Player count - 1 player
Time - 10-30 minutes
Age - 12+
Coffee Roaster Review
How do you take your coffee? Black or with milk? Sugar? Syrup? Do you prefer the bitterly intense caffeine punch of an espresso or the sweetly decadent creaminess of a latte? Perhaps you’re fine with a heaped spoon of instant in a mug of boiling water. Whatever your preference, why not take a break, brew up a cup and settle down as I take you through Coffee Roaster, a solo game from Saashi and Saashi and DLP Games.
Bean
In Coffee Roaster, you will play the role of, you guessed it, a coffee roaster. It’s your job to carefully guide the roasting process to produce a perfectly balanced cup of coffee. To do this you will need to remove moisture and impurities from the beans. You will want to get an even roast that brings out the right flavour tones for the particular type of coffee you’re roasting. Timing is an issue too: too short, and you’ll end up with a weak, insipid brew. Too long, and you risk burning the batch and producing a noxious broth with the flavour of an ashtray.

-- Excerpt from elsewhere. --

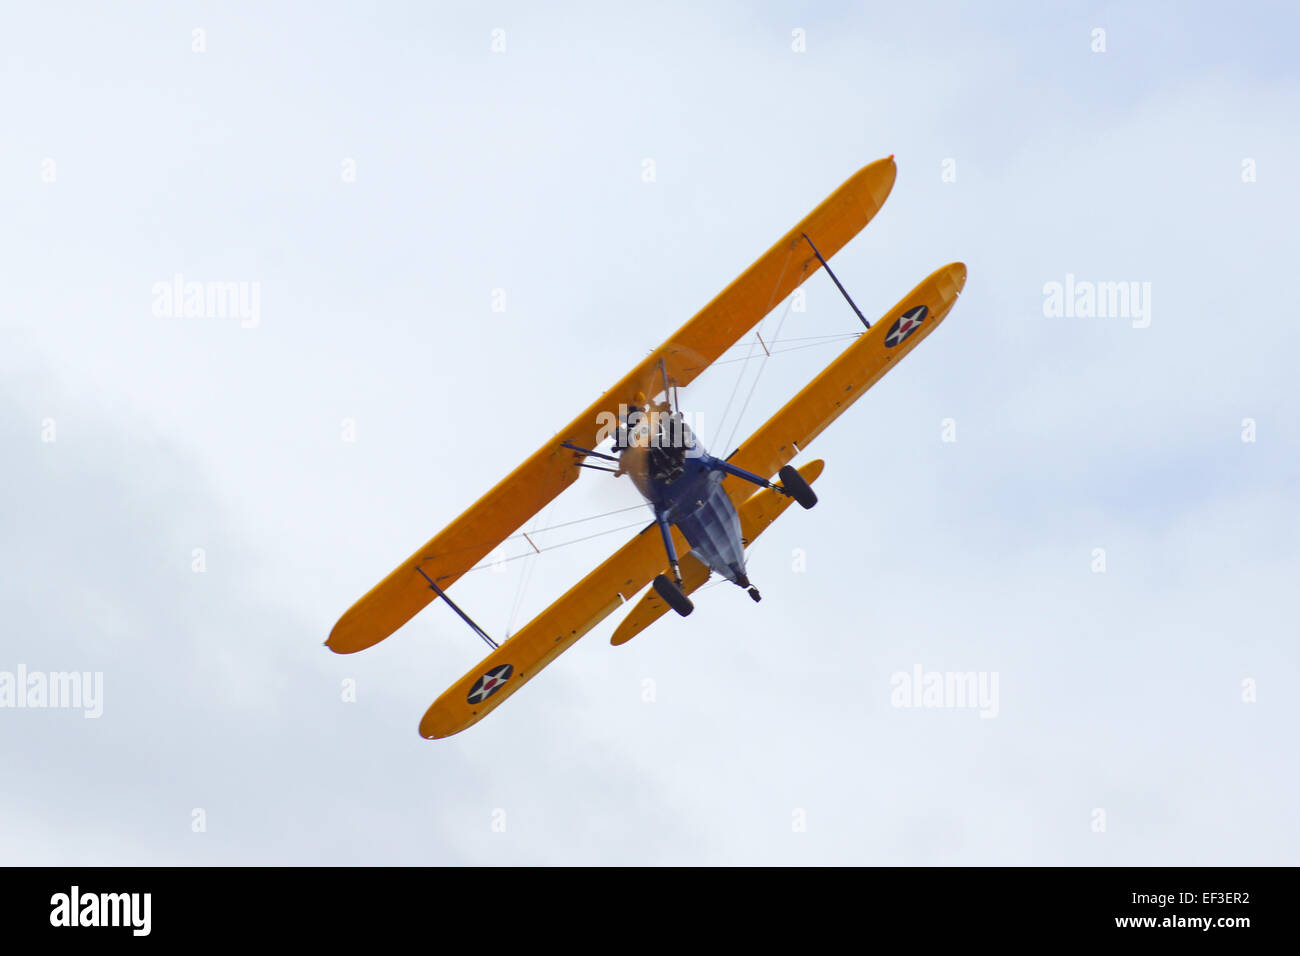 Airplane Bi-plane flying at 2015 Air show Stock Photo
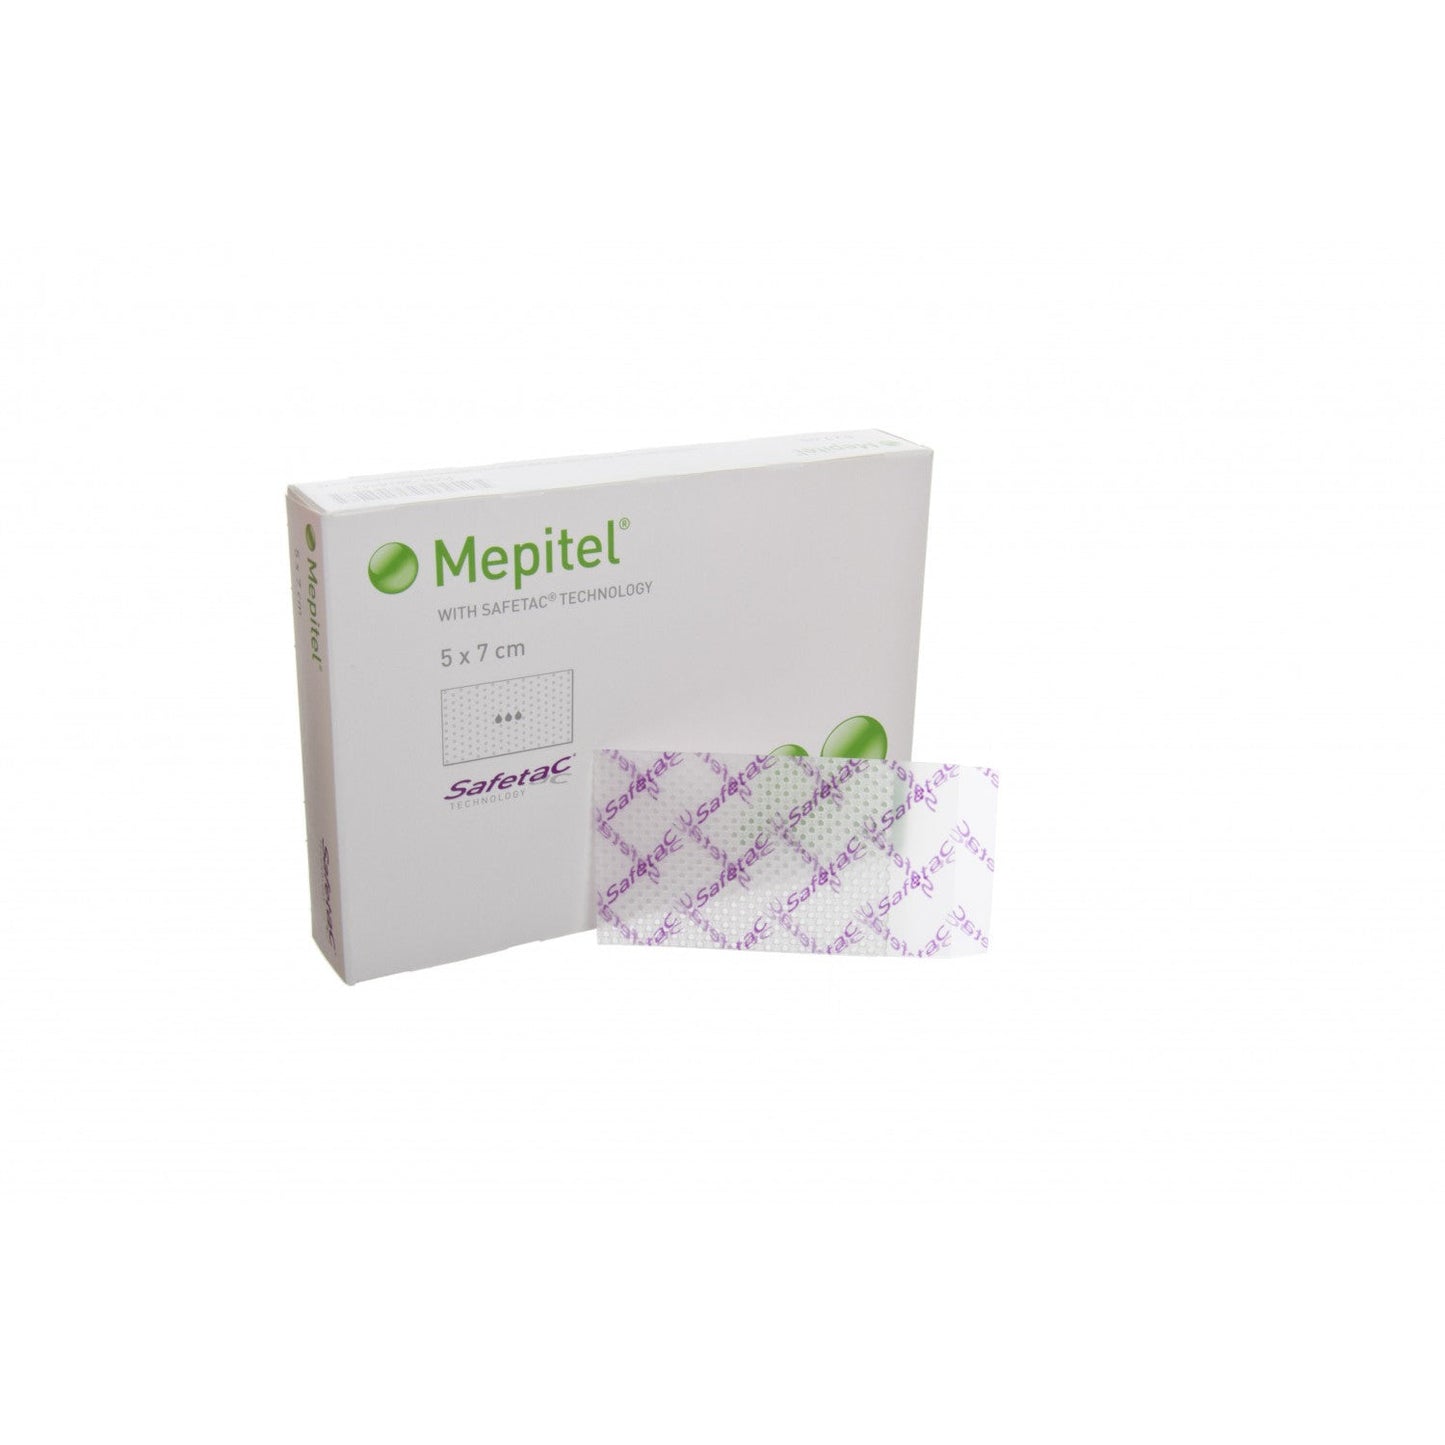 Mepitel Soft Silicone Wound Contact Layer with Safetac® Technology - 8x10cm Box of 5

The game is played over three rounds. Each round begins by choosing a particular bean and building a starting bag based on the information on the card. There are plenty of beans to choose from that offer a beginner, moderate and expert challenge. How well you do in one round will affect which level of bean you can choose in the next round. The more complex the bean you choose, the higher the risk and greater the reward.
Roast
Each round is split in to two: the roast and the pour. The roast is the core part of the game and is a push-your-luck bag building game. Each turn, you will draw a set number of bean tokens from the bag and increase their value to simulate roasting. Keeping track of what is in the bag is a skill as you are aiming for a very specific score in the pour phase to achieve maximum points.
To bring a little tactics and precision to the luck of the bag draw, you also have flavour tokens in the bag. This grants you special powers that help you achieve an even roast and preserve beans to stop them burning. They can be used to claim power ups that will help you in the second half of the round. You also need to try and get the right combination of flavour tokens in your final cup at the end of the game to achieve bonus points.
Trying to thwart you in the roasting process are the pesky penalty tokens; defective beans, burnt beans, green unroasted beans, smoke. These tokens spoil your coffee and cost you points. Using the flavour token power ups to remove these tokens or mitigate the chance of one ending up in your final cup is another key component of the game.
Pour
When you are confident that your bag has the right mix of tokens to maximise your chance of a perfect pour, it’s time to turn off the oven and start pouring. In the pour phase of the game you will draw tokens from the bag one by one and place them in your cup or discard them to your tray. Be warned; your tray only has so many spaces for unwanted tokens. Fill them, and everything you pull from the bag is going in your cup – good or bad!
Hopefully, to make this easier, you earned some power-ups in the roasting stage. Perhaps you got some honey to add sweetness and simulate any colour flavour token that you need. Maybe you got an extra discard tray or the ability to swap two tokens out of your cup at the end. However you get there, you are hoping that when you fill the cup and have your coffee graded, you have met the very specific requirements of that bean to score big. Scoring well in one round unlocks harder beans and potentially bigger scores in the next, helping you achieve your ultimate goal of becoming the Master Roaster!
Tasting Notes
As a self-professed coffee snob (my grinder alone cost £100) and committed solo gamer, Coffee Roaster was a must have as soon as I heard about it. It has not disappointed. While I hear there is a unique charm to the Saashi and Saashi original printing, I cannot fault DLP’s co-production.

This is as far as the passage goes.